──────── Supplied data ────────

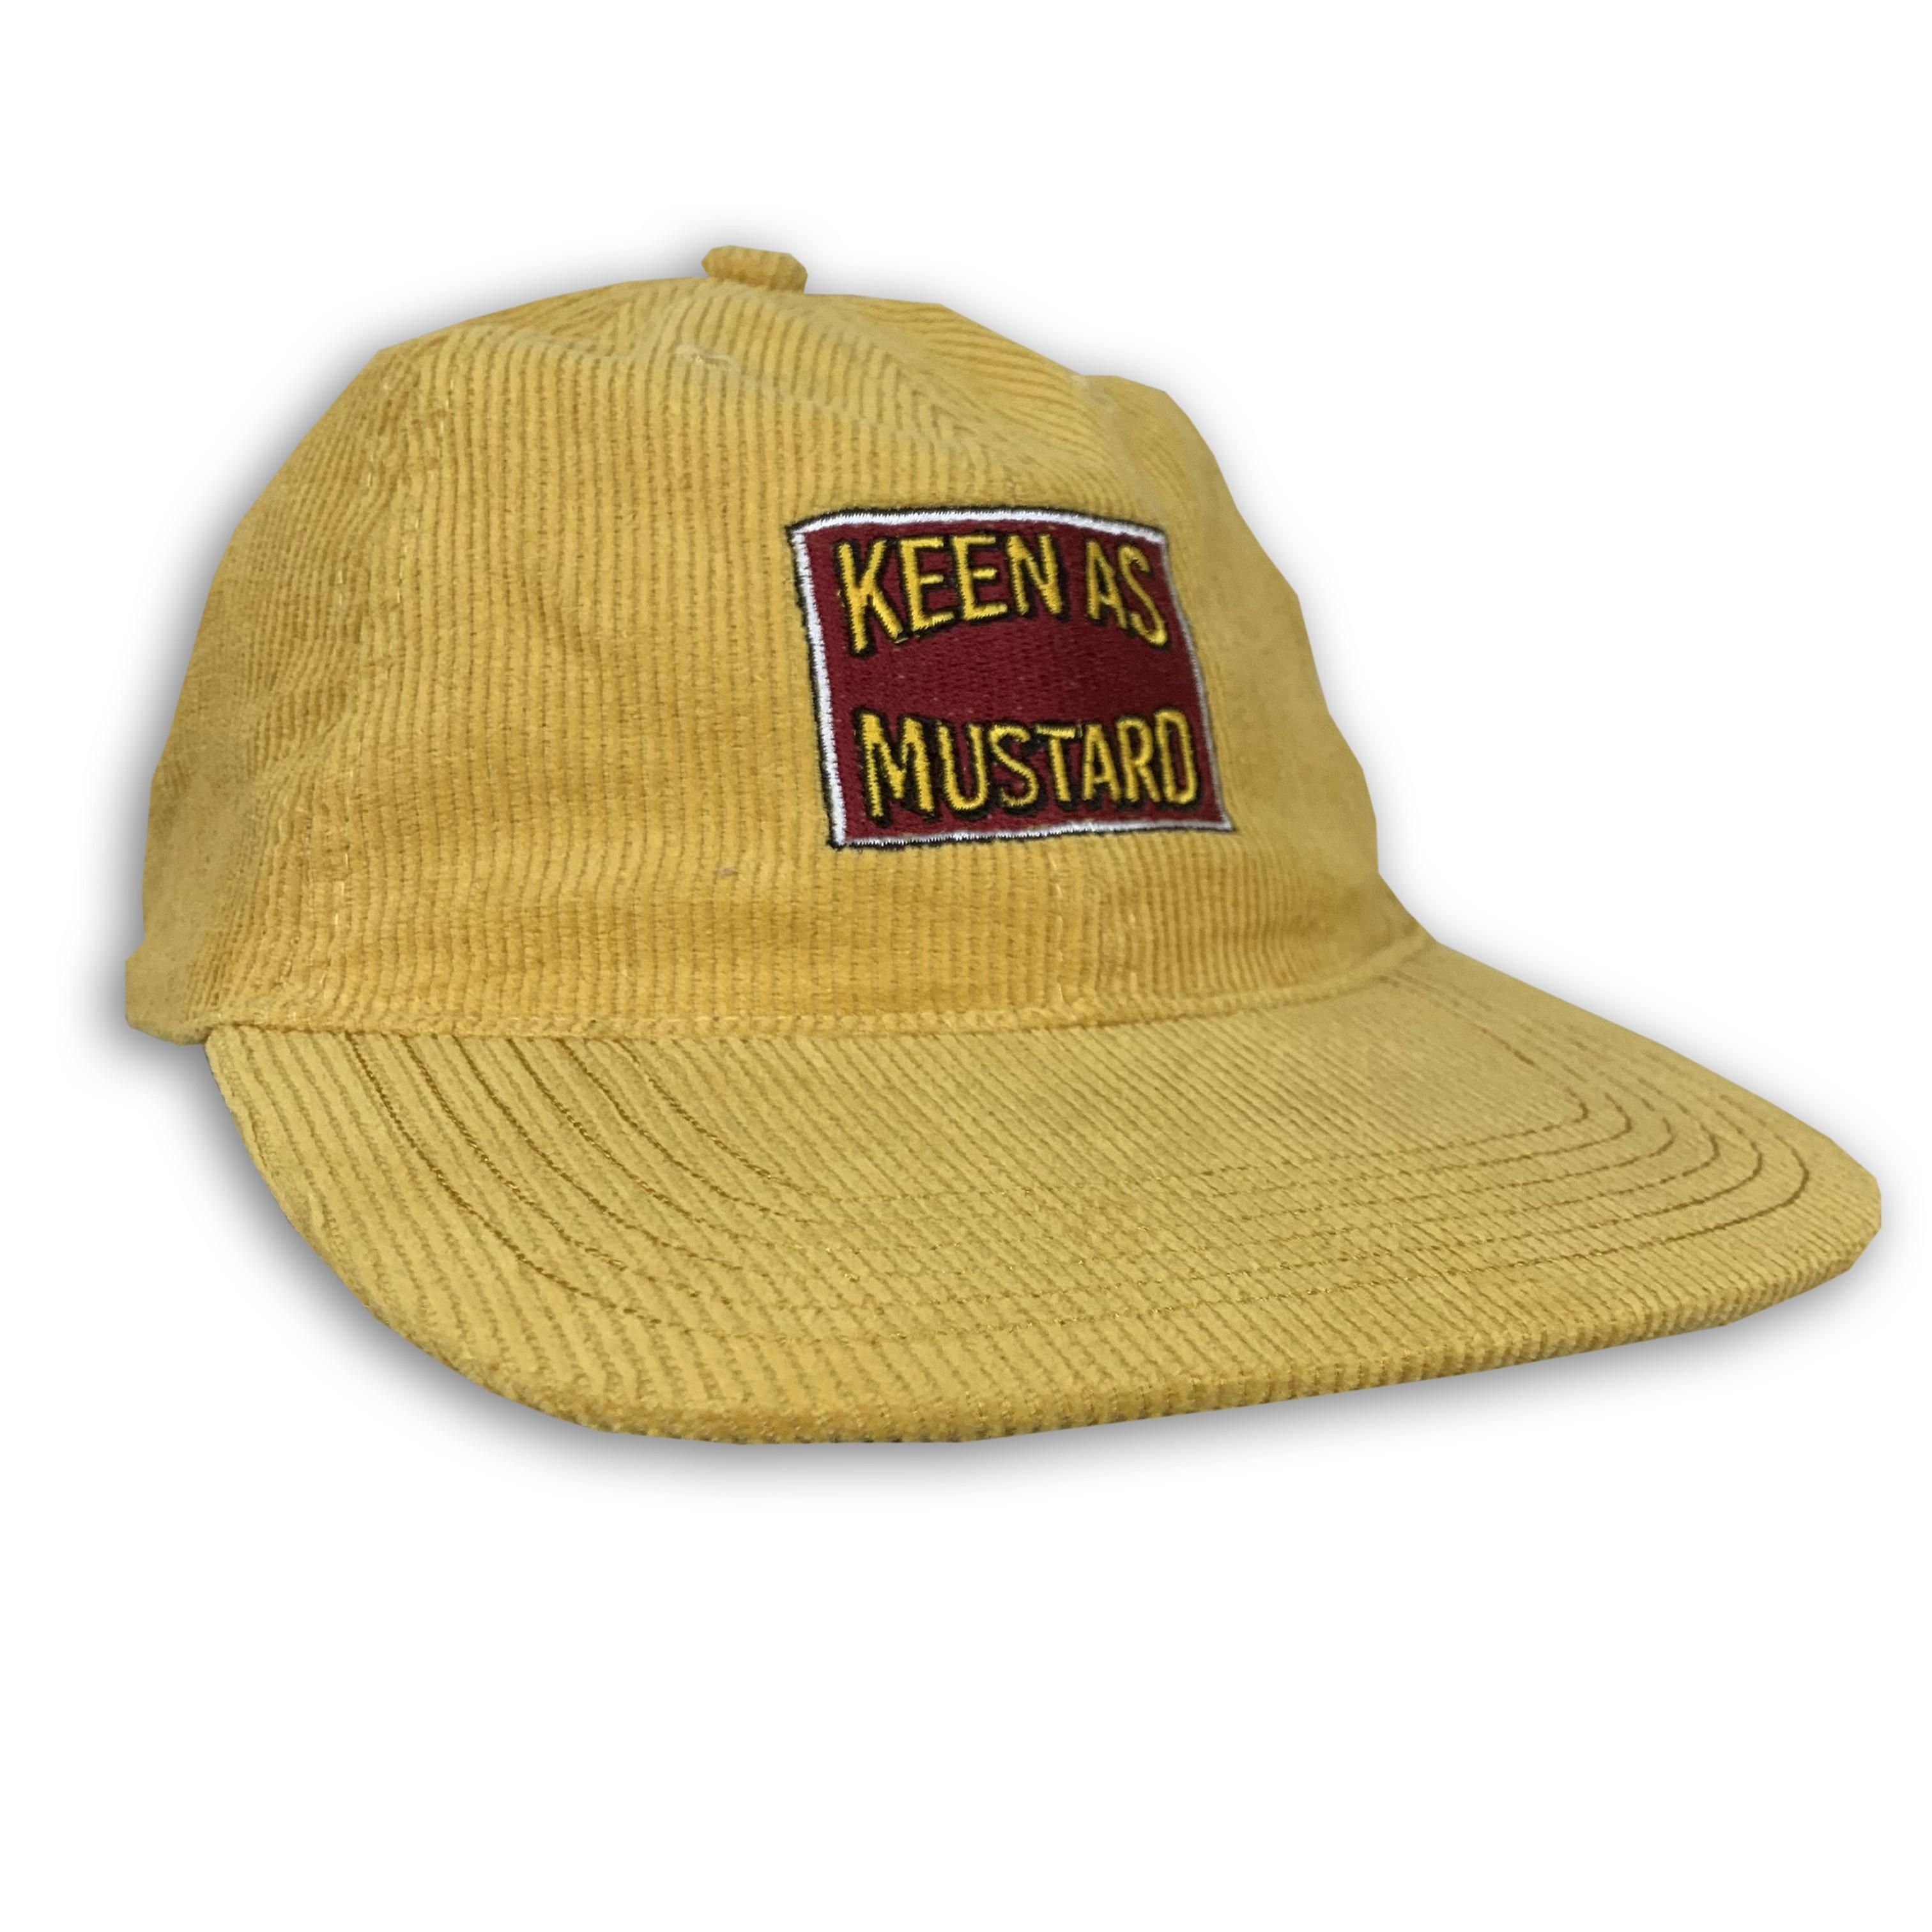 KEEN AS MUSTARD CORD HAT
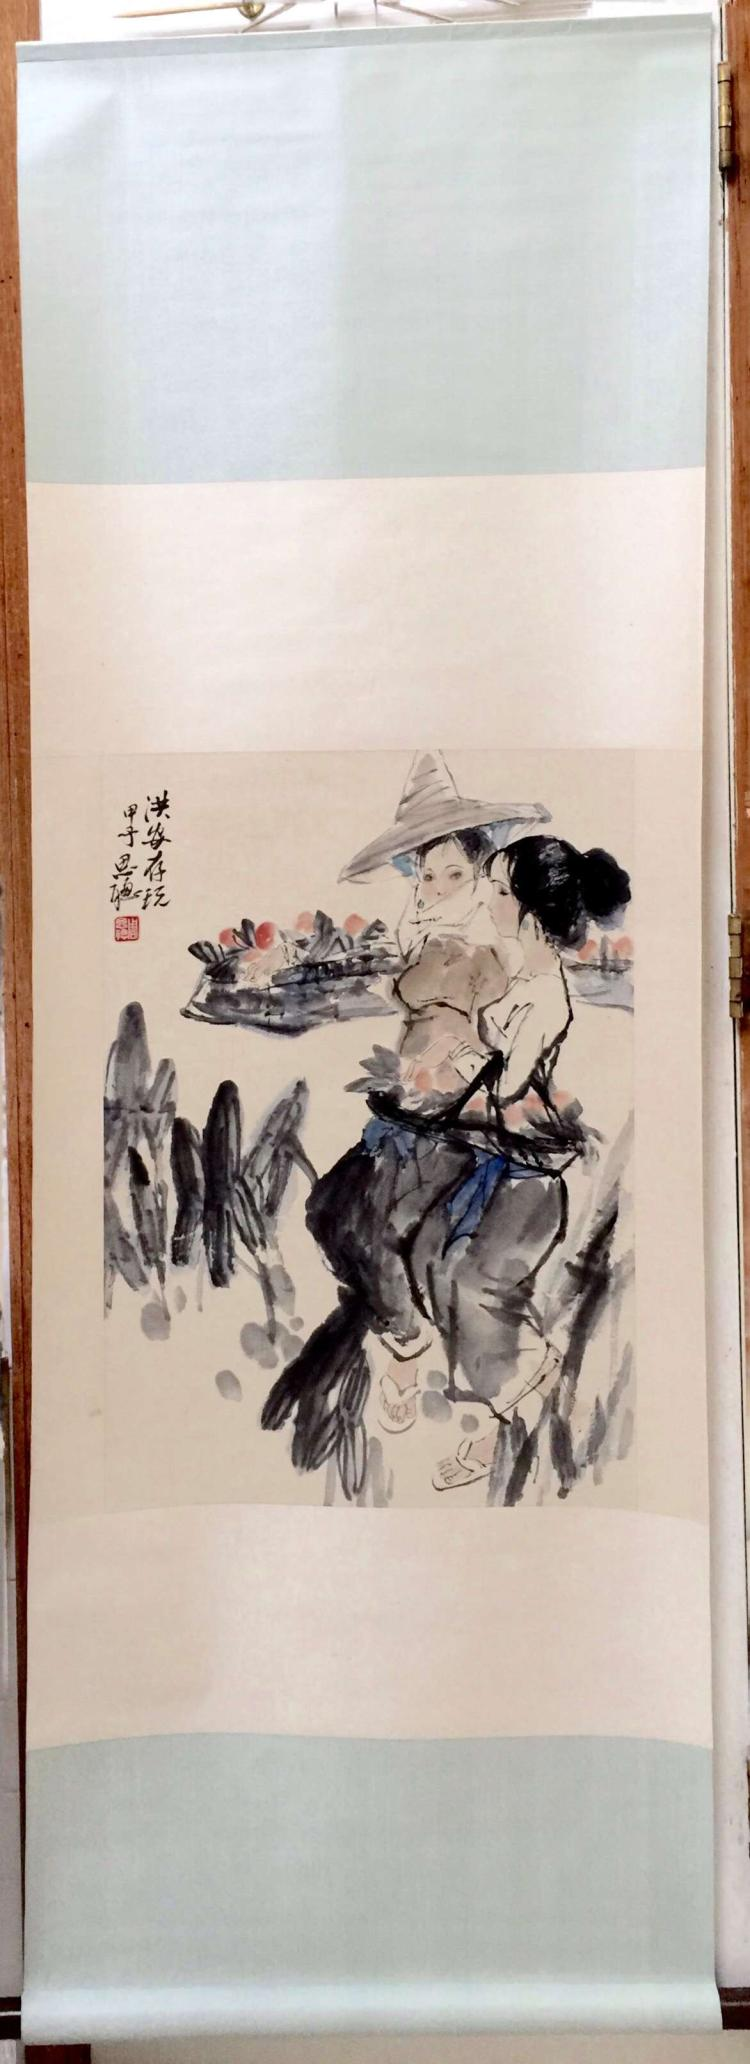 CHINESE PAINTING MARKED ZHOUSICONG
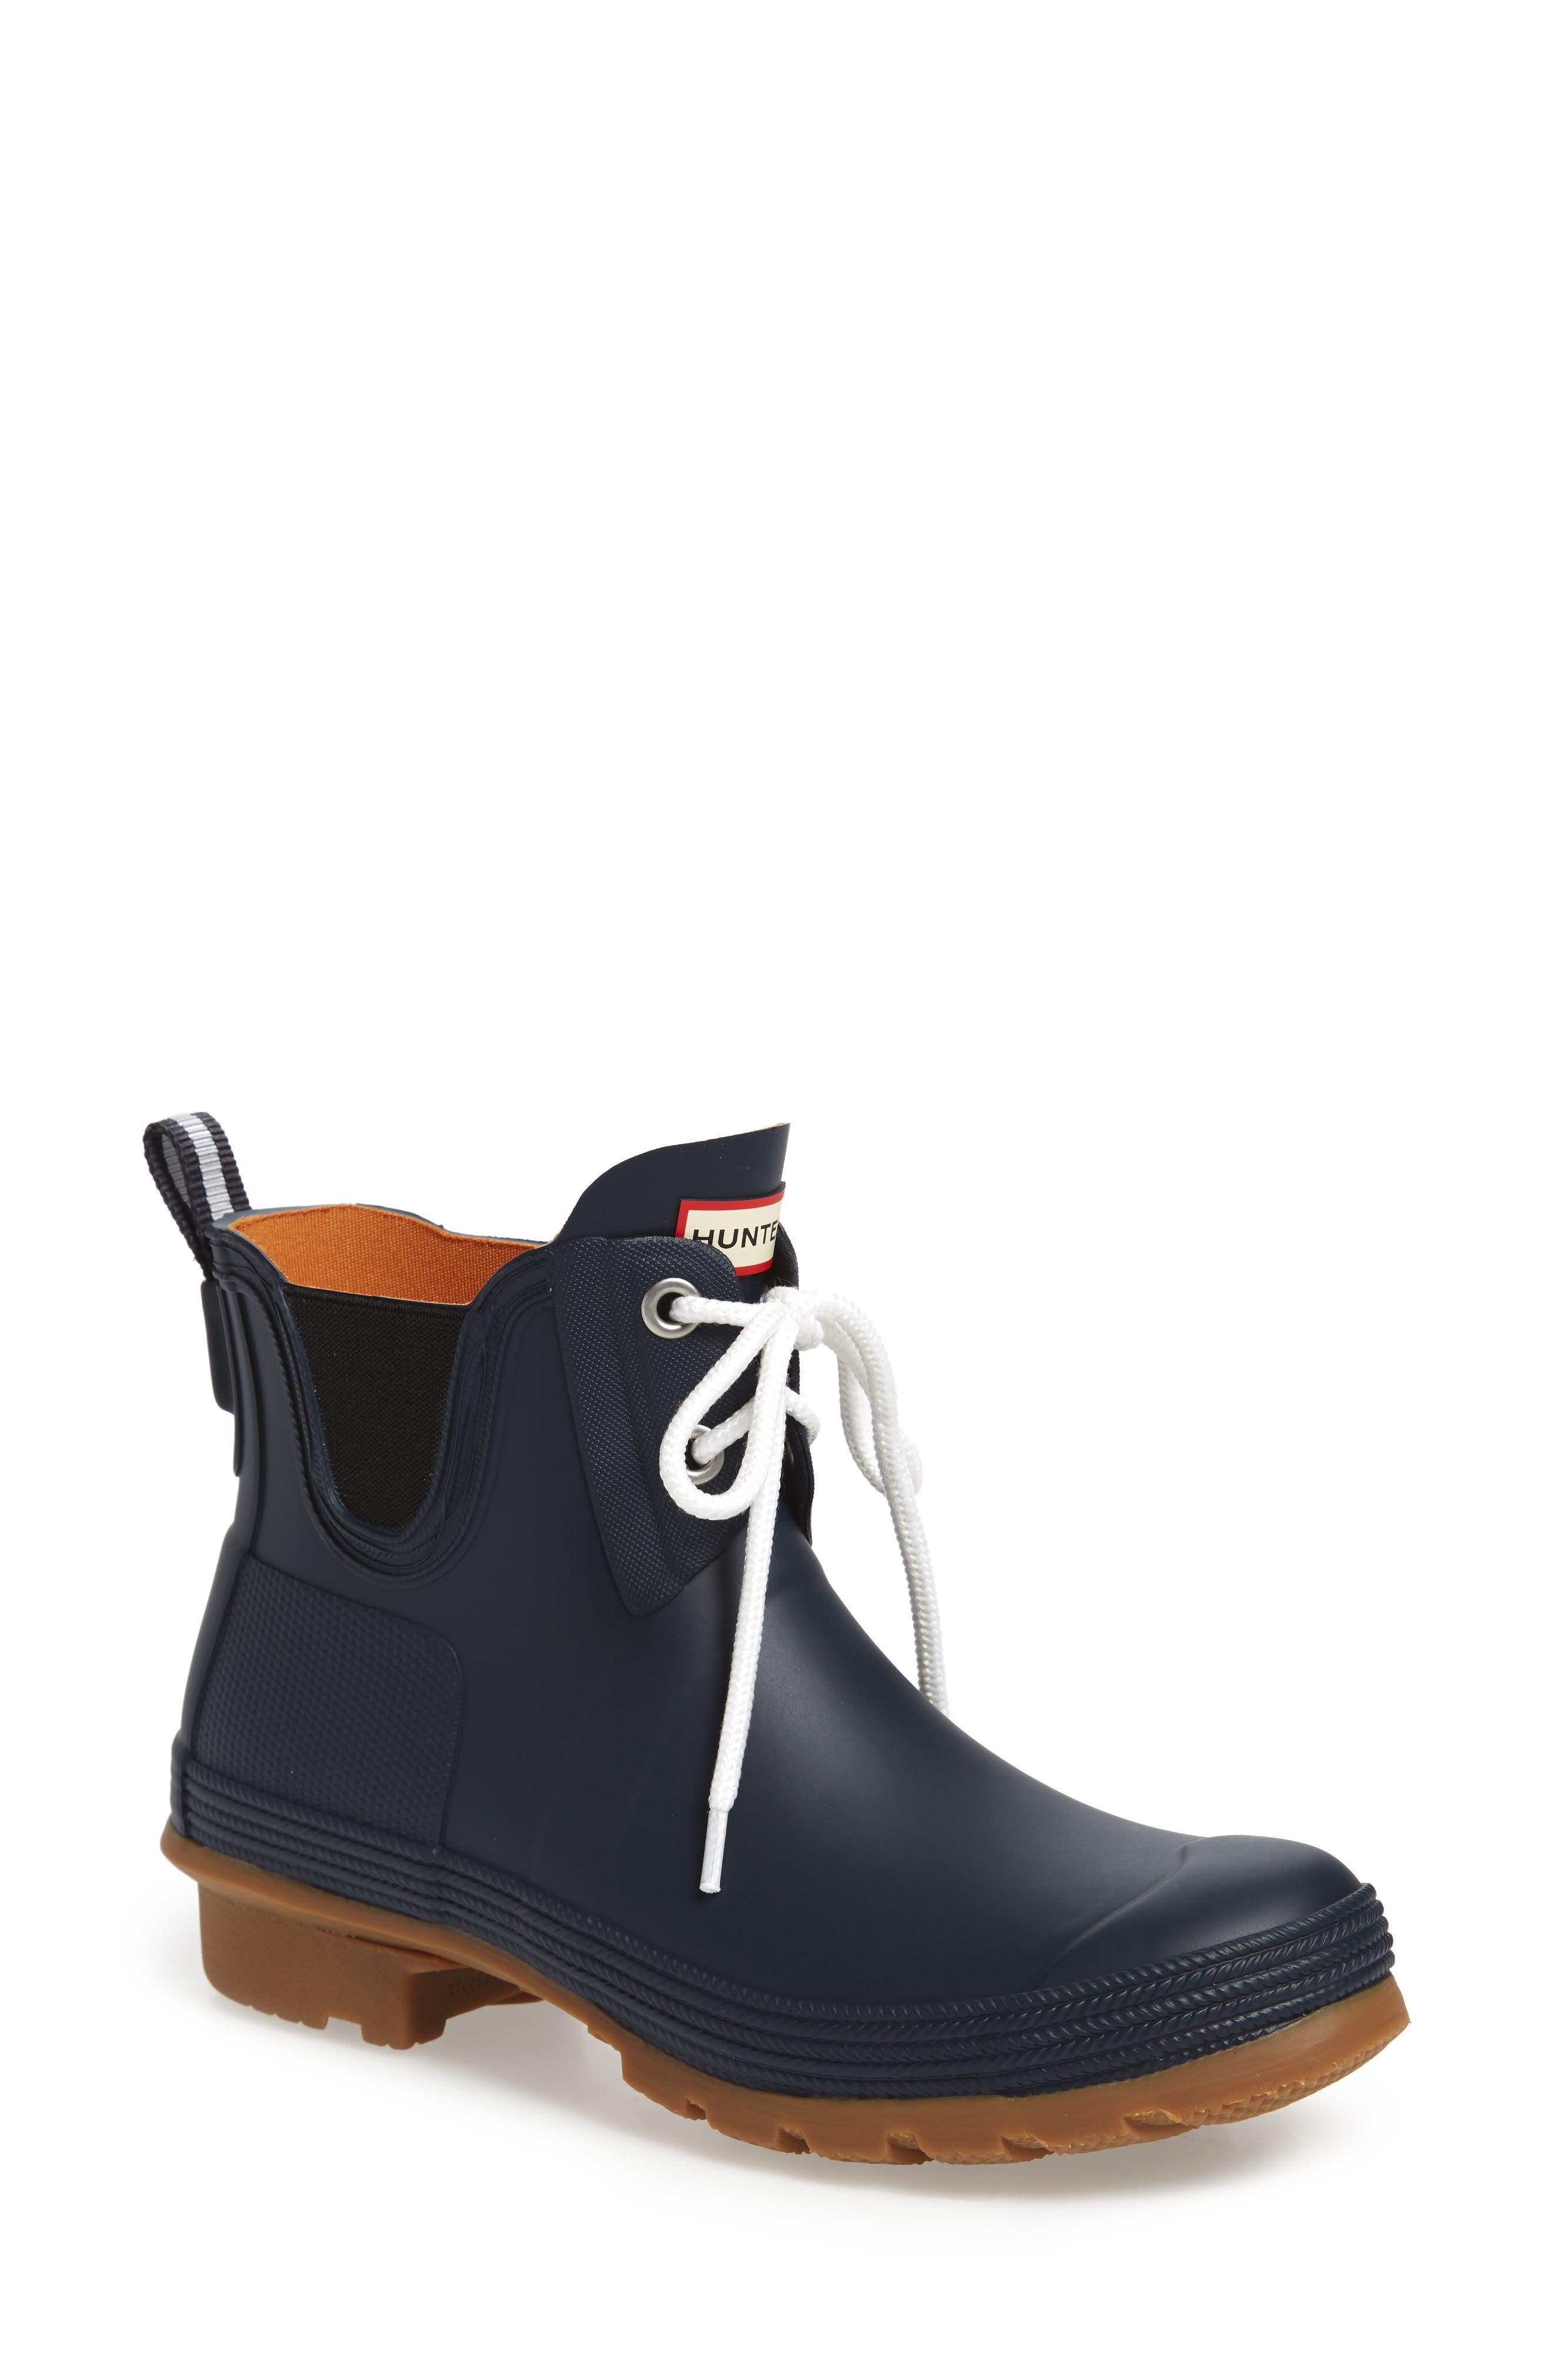 Original Sissinghurst Waterproof Pull-On Boot,                         Main,                         color, Navy/ Gum

────────

### [Work to be completed]
Quote in full the listing given above; the images are to be left out.

### [Task answer]
 KEEN AS MUSTARD CORD HAT
 CHINESE PAINTING MARKED ZHOUSICONG
 Original Sissinghurst Waterproof Pull-On Boot,                         Main,                         color, Navy/ Gum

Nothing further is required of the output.